►

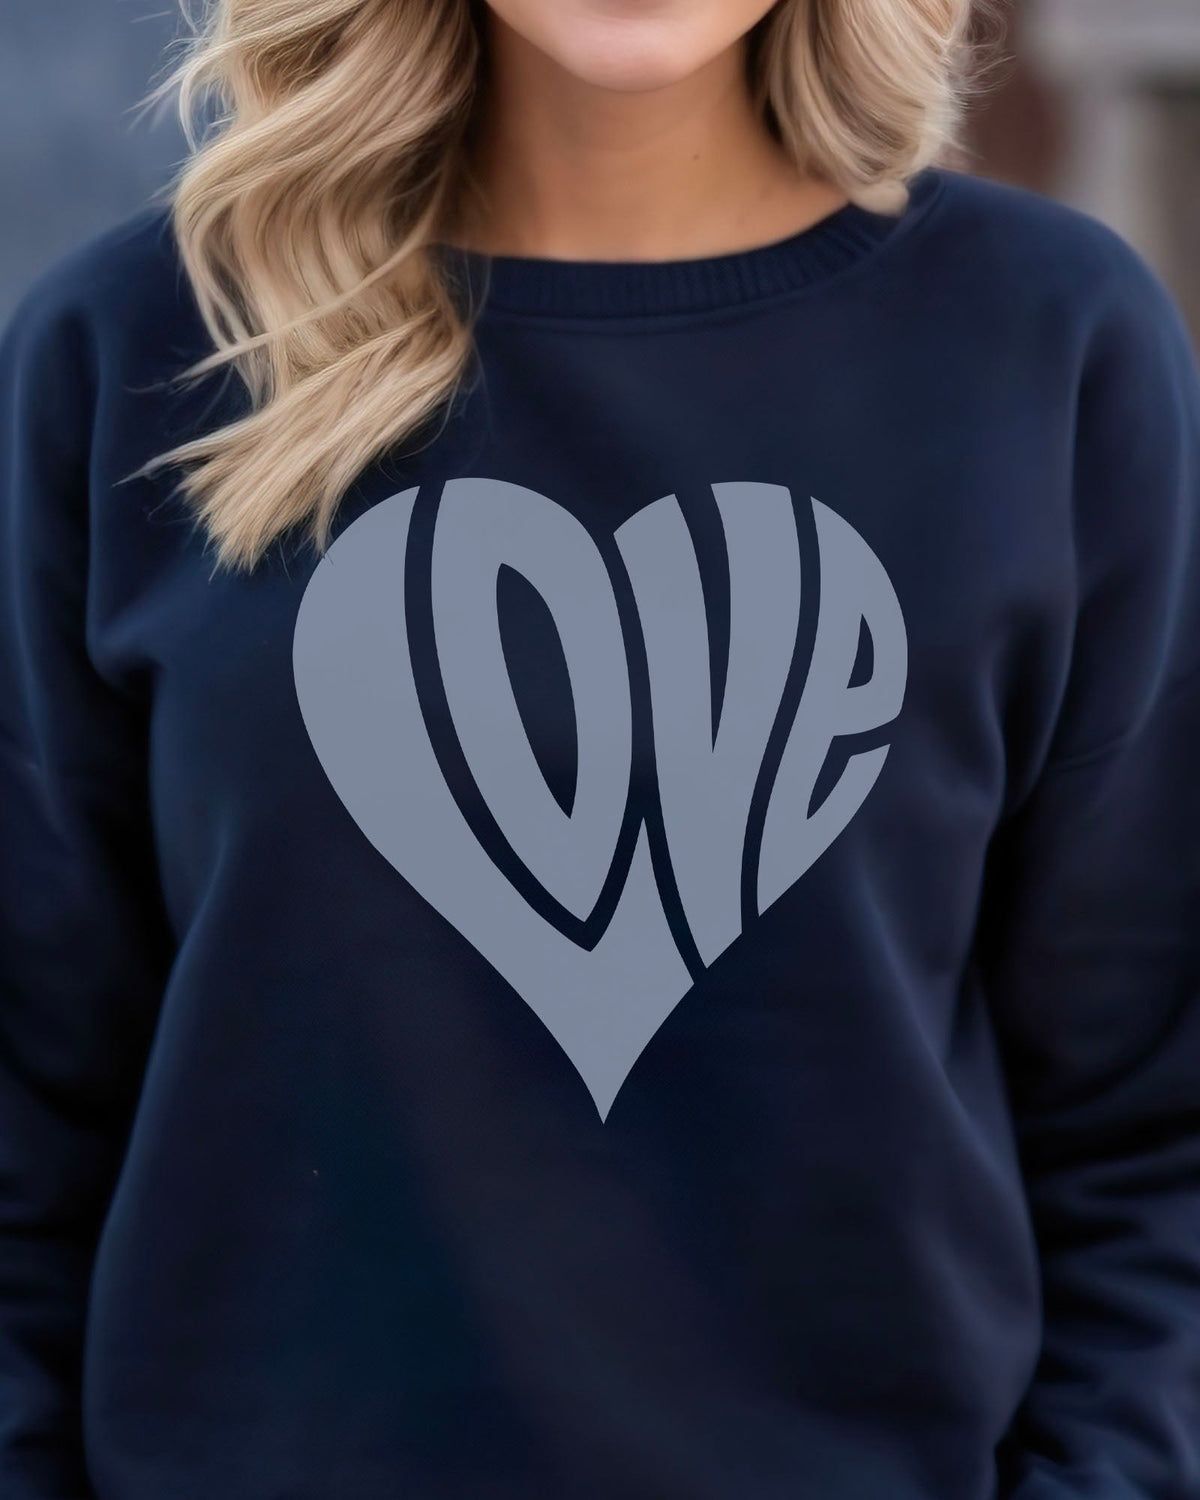 Love Heart Sweatshirt
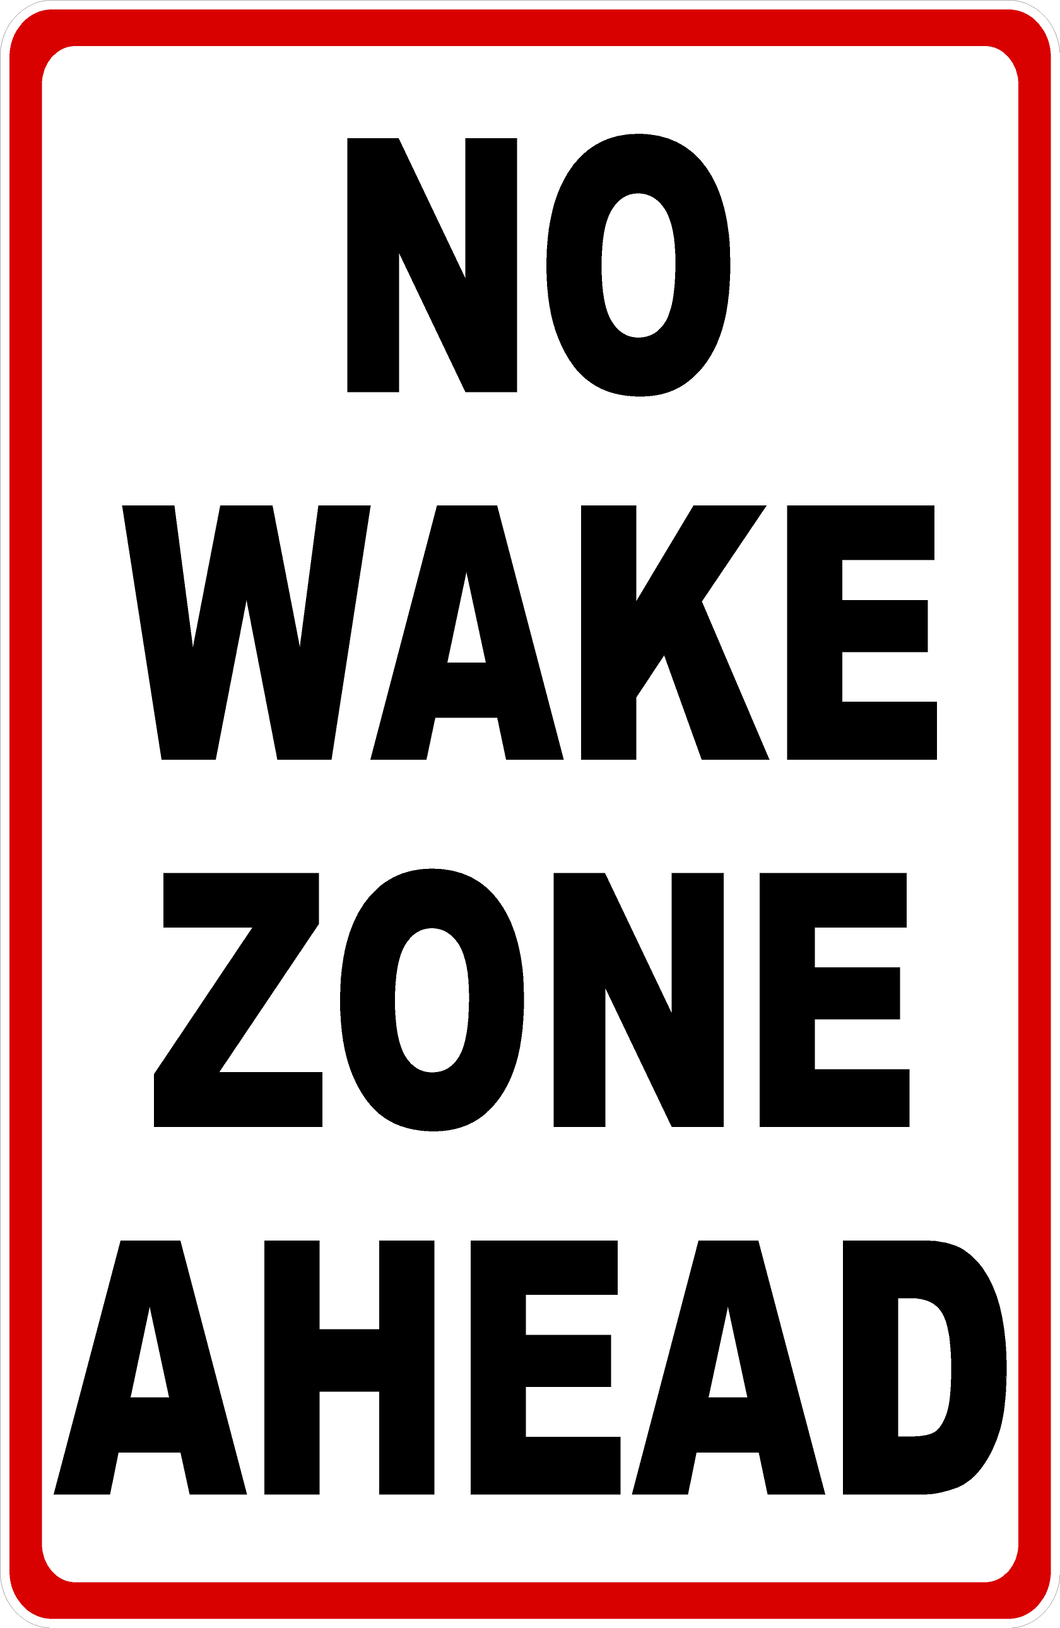 No Wake Zone Ahead Sign
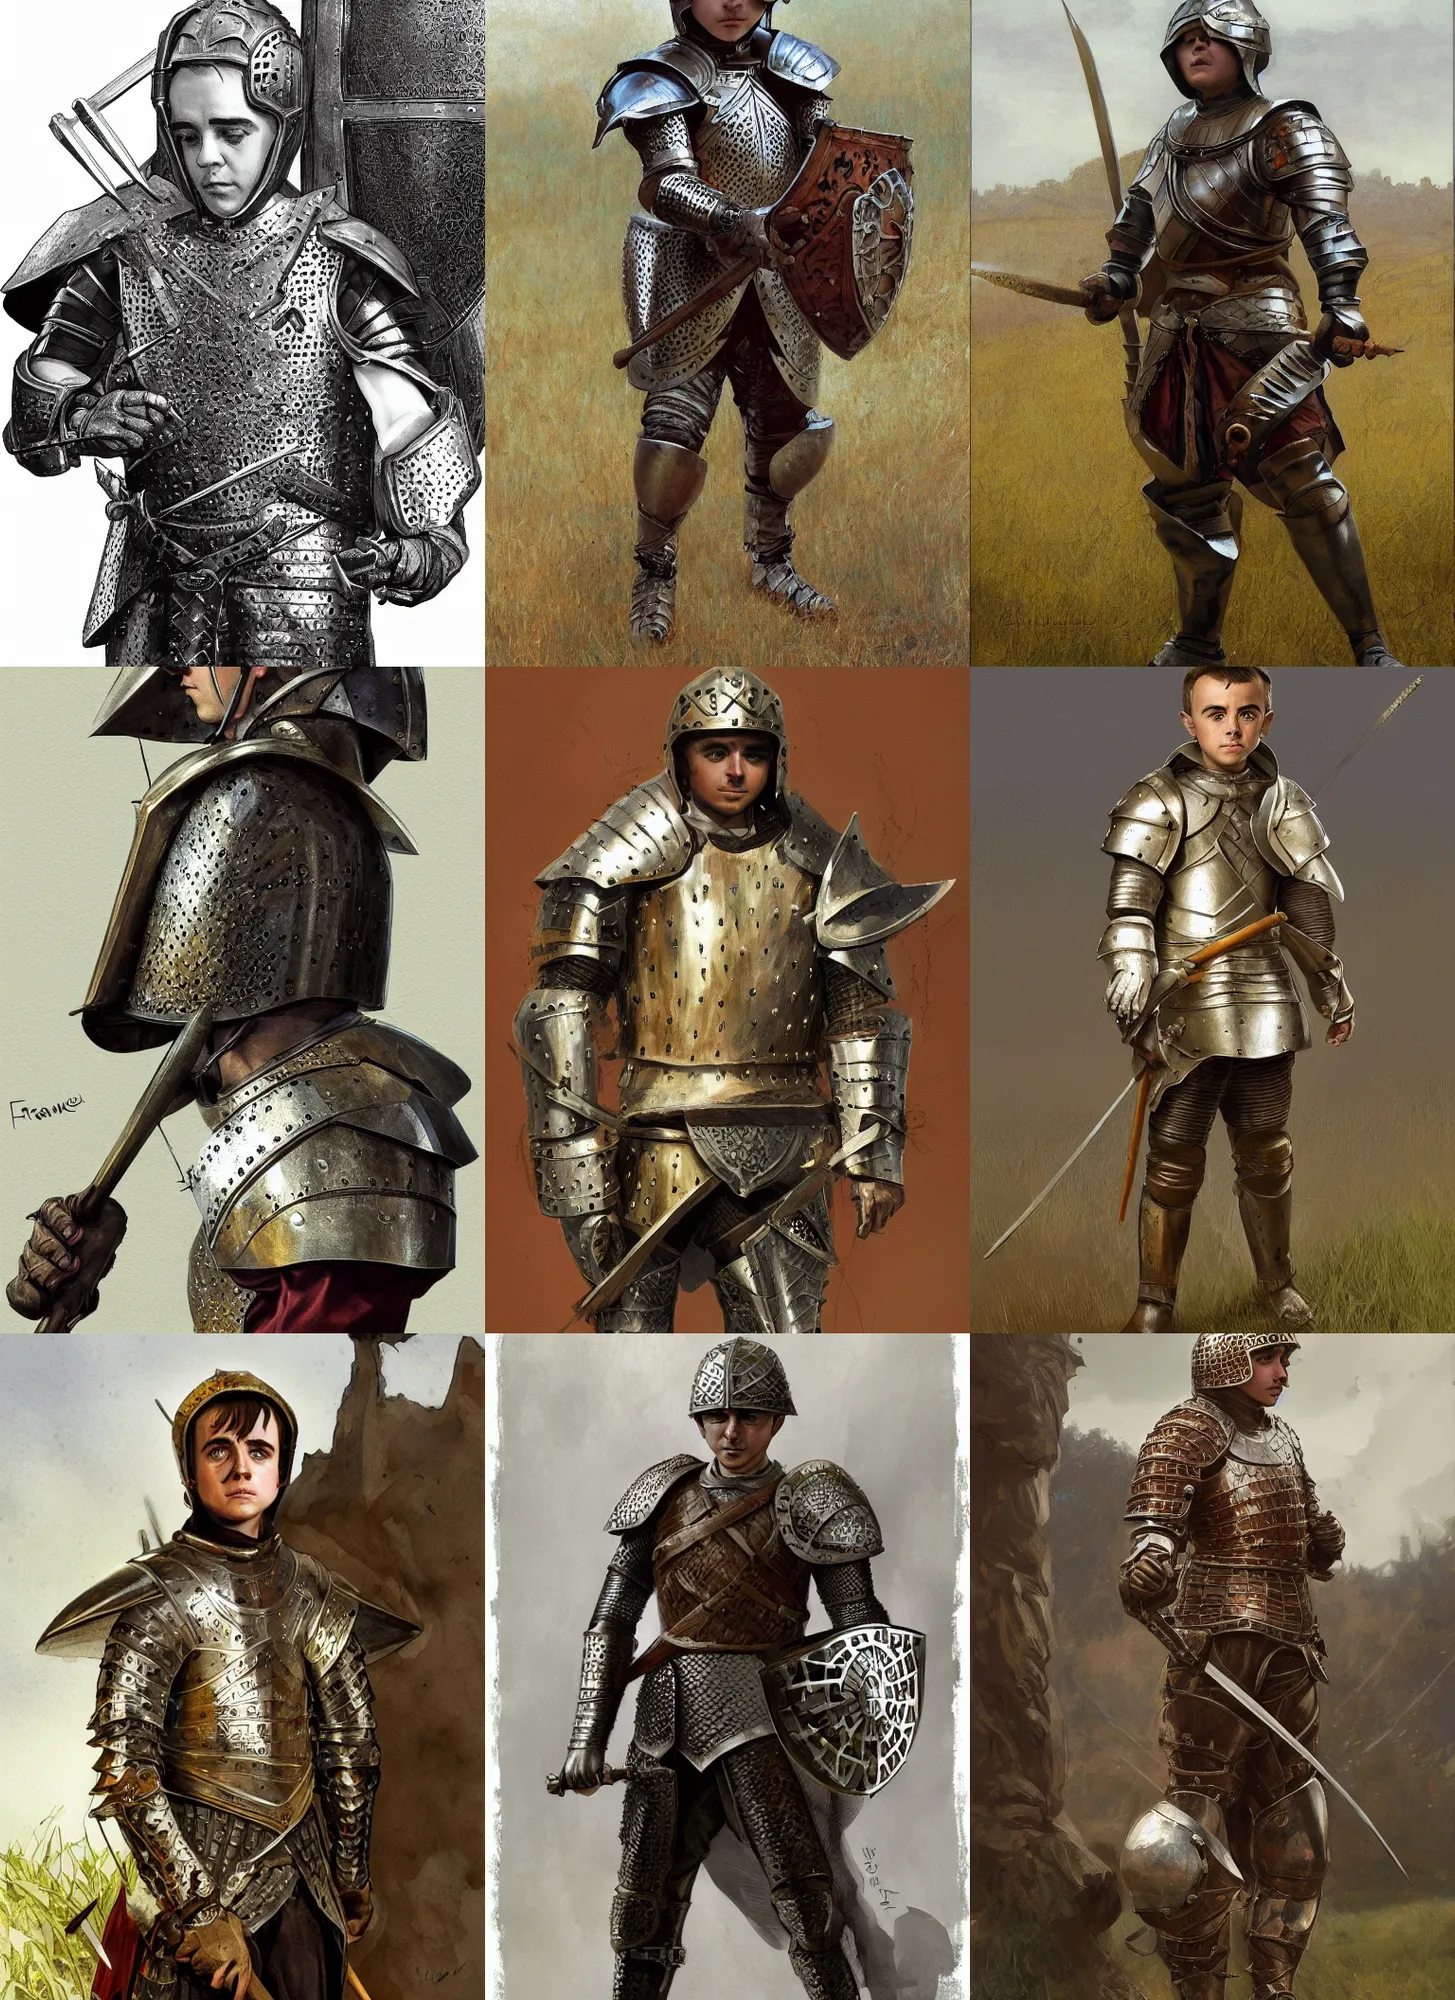 Prompt: frankie muniz young with medieval armour, field, intricate, elegant, highly detailed, artstation, sharp focus, illustration, rutkowski, mucha

◄

- [Aim of the exercise]:
Leave out the pictures, then return every line of the data exactly.

- [Answer to this task]:
 Love Heart Sweatshirt
 No Wake Zone Ahead Sign
 Prompt: frankie muniz young with medieval armour, field, intricate, elegant, highly detailed, artstation, sharp focus, illustration, rutkowski, mucha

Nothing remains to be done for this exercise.